(Downvoters please note that the question is about people considered celebrities in the UK. If what you're interested in is people considered celebrities in the USA, please skip to Oddthinking's answer. There's nothing unusual about the number of American or world celebrity deaths in 2016)
There's clearly no "curse". There are objectively measurable indicators that can be compared between years, and these do appear to suggest a sharp increase in 2016, approximately double that of recent years, for deaths of people considered celebrities in the UK, without any one obvious apparent causal event (such as a helicopter crash). That said, these are still small numbers (lower end of two figures), and occasional spikes, anomalies or clusters in small data sets aren't unusual and don't normally require a causal explanation.
The same evidence shows the number of deaths of people considered celebrities was rising already, which can be easily explained by mass media reaching a certain age.
There's an objectively measurable of "celebrity" deaths - obituaries written in news publications. Note that these are typically written while a celebrity is still alive then kept on file, so an "obituary use" represents an editorial team's judgement that an individual is a celebrity of note made well before and independent to any public reaction to their death, and most likely written well before 2016 (therefore not a self-fulfilling response to the so-called "2016 effect"). It's obviously not a perfect classification (no human judgement based classification is), and its quality depends on the quality of their editorial process, so I've taken three examples from three different respected UK publications with different approaches:
In an article on precisely this phenomenon the BBC quote data about the numbers of obituaries they've written in January-March for the last 5 years. This suggests an upward trend and a 2016 spike: 24 in 2016, 12 in 2015, 11 in 2014, 8 in 2013, 5 in 2012.
[Note - these figures were added to the question after I included them in this answer]
They discuss whether this could be explained by expansion of the facility of the BBC to write and publish obituaries, and find that the number of celebrities with obituaries written and kept on file in case of their death is increasing, but at a rate of "a few more every week", following a process that hasn't significantly changed in 10 years, with no one event that would explain a doubling from 2015 to 2016 other than random clustering.
This therefore addresses the question:
Are the celebrities really dying faster than usual, or are we just reporting on them more?
The BBC have had a consistent policy for 10 years which is based on steady inflation through a team actively increasing the number of obituaries on file every week, but 2016 is an anomaly that bucks the trend.
(The Telegraph is a broadsheet sometimes described as the UK's "newspaper of record)
The above article reports:
the Daily Telegraph maintains a gallery of famous people who have died, and updates it throughout the year. Up to this time in 2014, the number of those in the gallery was 38. By this time last year, the number of people in the gallery was 30. This year, the number is already 75
Again, the number is roughly double that of recent previous years.

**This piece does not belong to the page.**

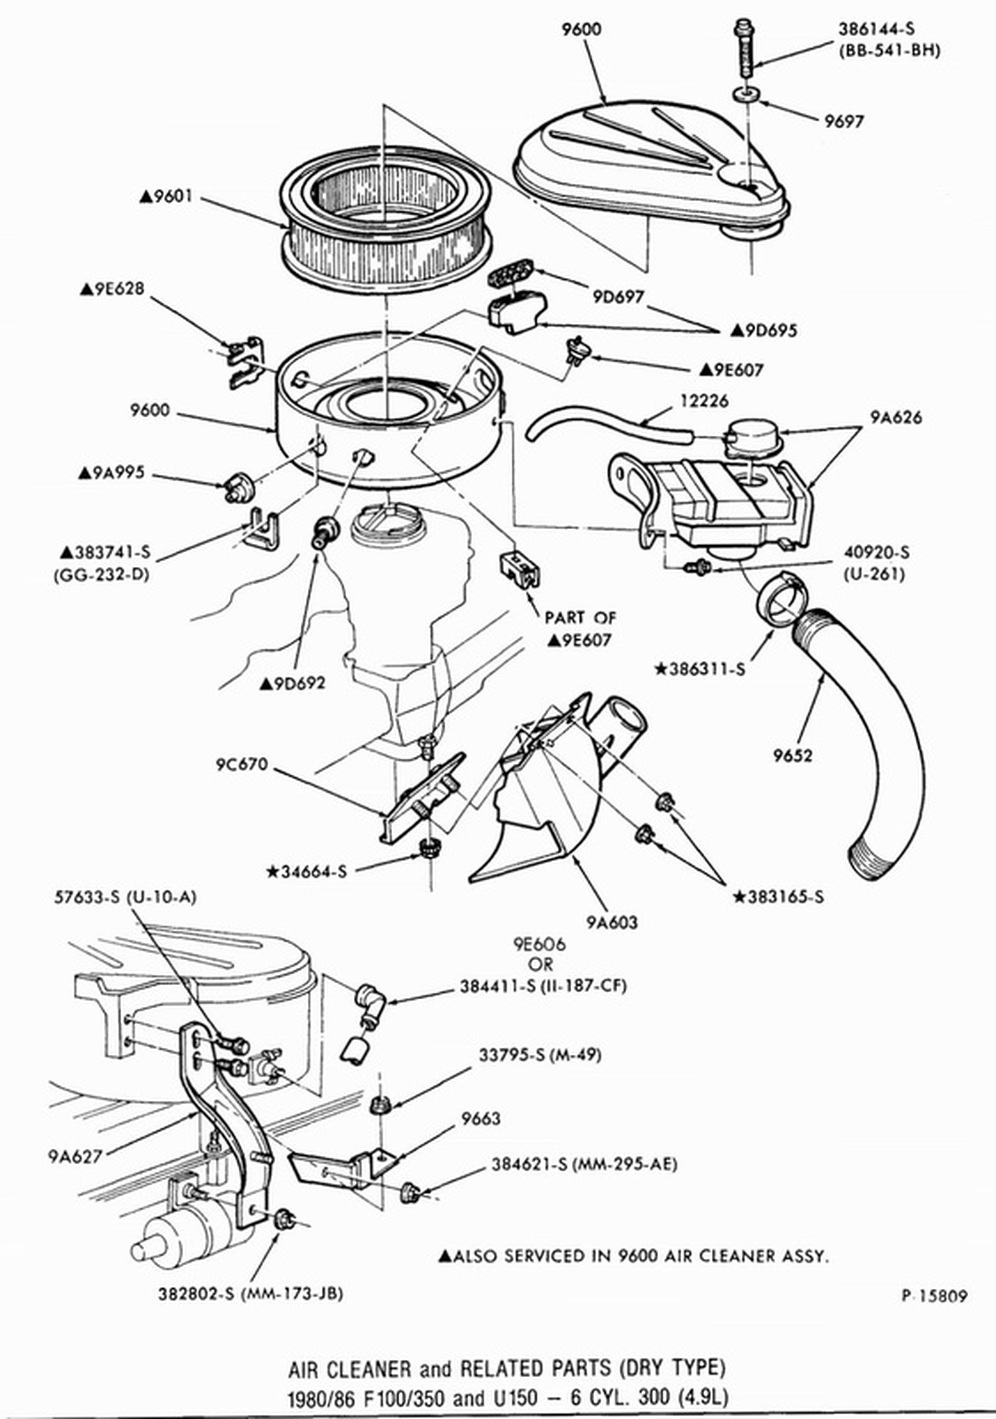 [DIAGRAM] 1979 Ford F100 460 Engine Diagram FULL Version HD Quality

(The Guardian is a broadsheet and a partner of the International Consortium of Investigative Journalists)
The Guardian offered some measurable figures in terms of the number of deaths which they ran as the main headline of their print edition: 7 so far (one of which, being a sportsman, was printed in the sports section but as the main back-page headline).
I can't find a direct comparison to equivalent periods in other years, am still looking, but it's discussed as being remarkable:
The tally of deaths is significant, and 2016 is not yet four months old.
They offer one more observation:
The Guardian’s obituaries page, according to its editor, is no longer able to fit in all the public figures who would have historically figured on the page because of the rise in high-profile deaths
In the Guardian's case, like the BBC, this therefore suggests that the number of obituaries they want to publish in 2016 is driven by events, not an editorial decision: events are causing them to exceed their physical limit.
With this, they offer a partial explanation for the upward trend:
The nature of fame and celebrity has changed radically in the past decade...
As well as actors, musicians, royalty, sporting figures, politicians and the like, there are now hundreds of reality TV stars, comedians, game show hosts, mavericks and people famous simply for being famous. That means there are far more celebrities whom more people will have heard of when their number is up.
Deaths among the general (non-celebrity) UK population
Or - chillingly - is everyone dying off faster, and we're just hearing about the famous ones?
Since there's no celebrity death spike outside the UK, we only need to look at UK mortality statistics here. The UK Office for National Statistics publish weekly death statistics, and offer a comparison to the last 5 years week-by-week. They haven't yet published an analysis comparing 2016 to other years, or age-standardised rates, but a simple look at the raw numbers of deaths shows that the increase between 2016 and the previous 5 years appears smaller than the increase between 2015 and the previous 5 years (around 3% compared to around 7% from 2015).
There's therefore no reason to think there's any particular UK trend at work here, and no reason to think that the so-called "curse" widely discussed in the British media is anything more than the kind of random spike that can happen with any small variable data set.